Exceptions to the six-year period occur when records:

  • Are held in legal documents 'under seal' where they may have to be retained for up to twelve years
  • Need to be retained because the information contained in them is relevant to legal action which has been started
  • Are required to be kept for longer or shorter period by statute
  • Are archived for historical purposes
  • Consist of a sample of records maintained for the purpose of retrospective comparison
  • Involve the transfer of significant information, with subject identification, on to aggregated files
  • Relate to individuals and providers of services who have, or whose staff have been judged unsatisfactory 
  • Are held in order to provide for the subject, aspects of his/her personal history
  • Are obtained via data sharing agreements specifically for population-level intelligence purposes in accordance with the Council's public health duties, (e.g. births and deaths data, hospital data, crime data) to understand the population's health outcomes and need for services, however this type of data is usually anonymised

If the authority's Legal Department were to become aware of any pending legal action a note should be attached to the file confirming that the file should not be destroyed.

Records that can be destroyed after effective use

As a rule, the following types of records have no significant operational, informational or evidential value.

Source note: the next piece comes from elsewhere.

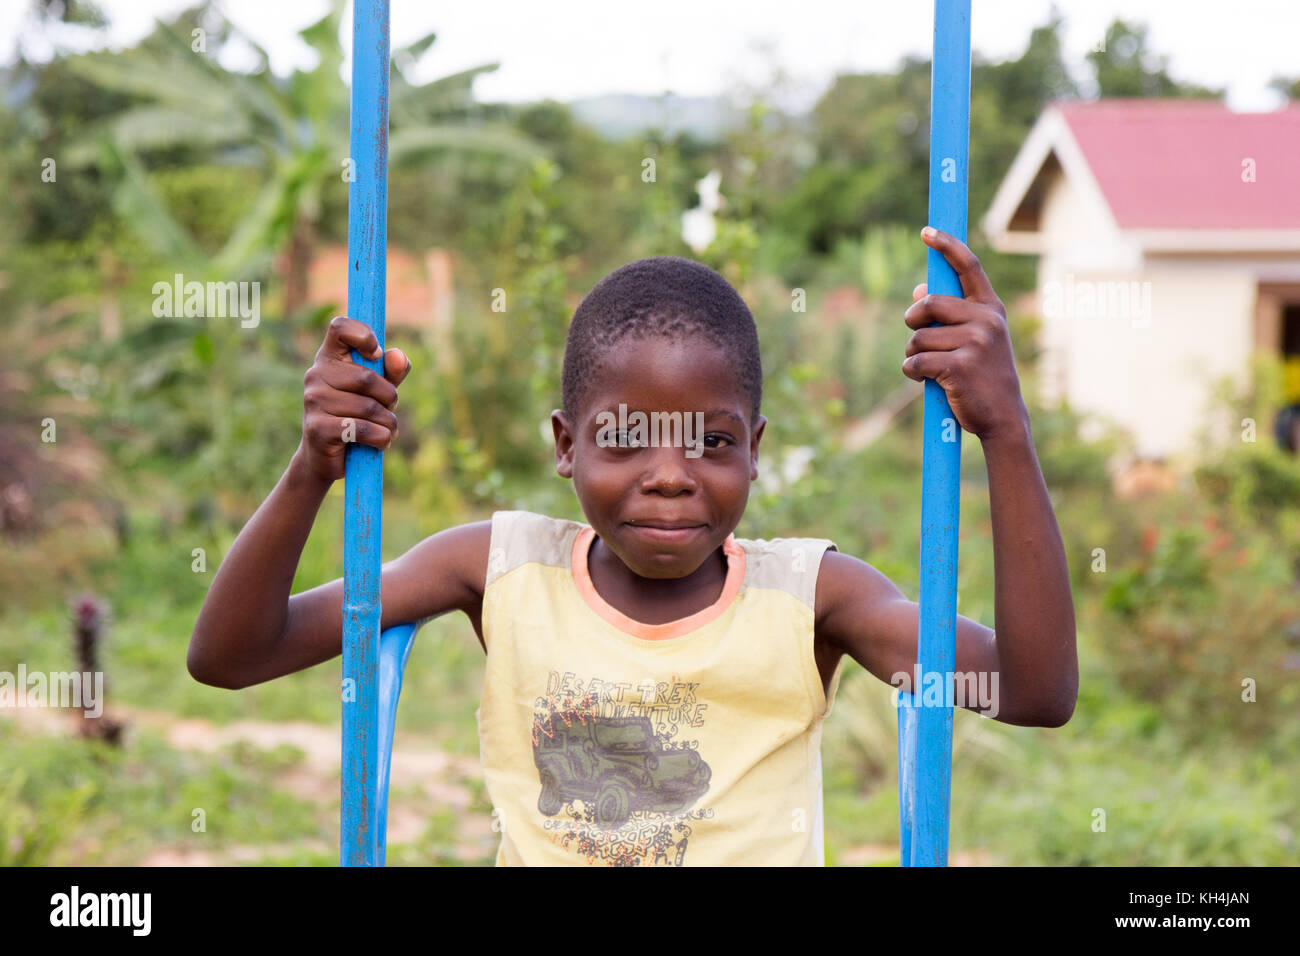 A smiling 13 ans garçon ougandais se balancer sur une balançoire colorée Banque D'Images

They can therefore be destroyed as soon as they have served their primary purpose.

  • Announcements and notices of meetings and other events, and notifications of acceptance or apologies
  • Requests for stock information such as maps and travel directions, brochures etc.
  • Requests for, and confirmations of, reservations for internal services (e.g. meeting rooms, car parking spaces, pool cars) where no internal charges are made
  • Requests for, and confirmations of, reservations with third parties (e.g. travel, hotel accommodation, restaurants) when invoices have been received
  • Transmission documents - letters, fax cover sheets, routing slips, compliments slips and similar items which accompany documents but do not add any value to them
  • Message slips
  • Superseded address lists and distribution lists
  • Duplicate documents such as CC and FYI copies
  • Unaltered drafts of documents and reports
  • Snapshot printouts or extracts from databases
  • Day files (chronological copies of correspondence)
  • Personal diaries, address books etc.
  • Working papers, where the results have been written into an official document and which are not required to support it
  • Stocks of in-house publications which are obsolete, superseded or otherwise not required (e.g. magazines, marketing materials, prospectuses, catalogues, manuals, directories, forms, and other material produced for wide distribution)
  • Published or reference materials received from other parts of the Council, from vendors or other external organisations, which require no action and are not needed for record purposes (e.g. trade magazines, vendor catalogues, flyers, newsletters).

Our retention schedule has been compiled with detailed consultation with directorate representatives from across the Council and guidance from the Records Management Society of Great Britain. It should therefore be seen as the single source of advice regarding retention of records and any local guidance should always follow information contained in this master document.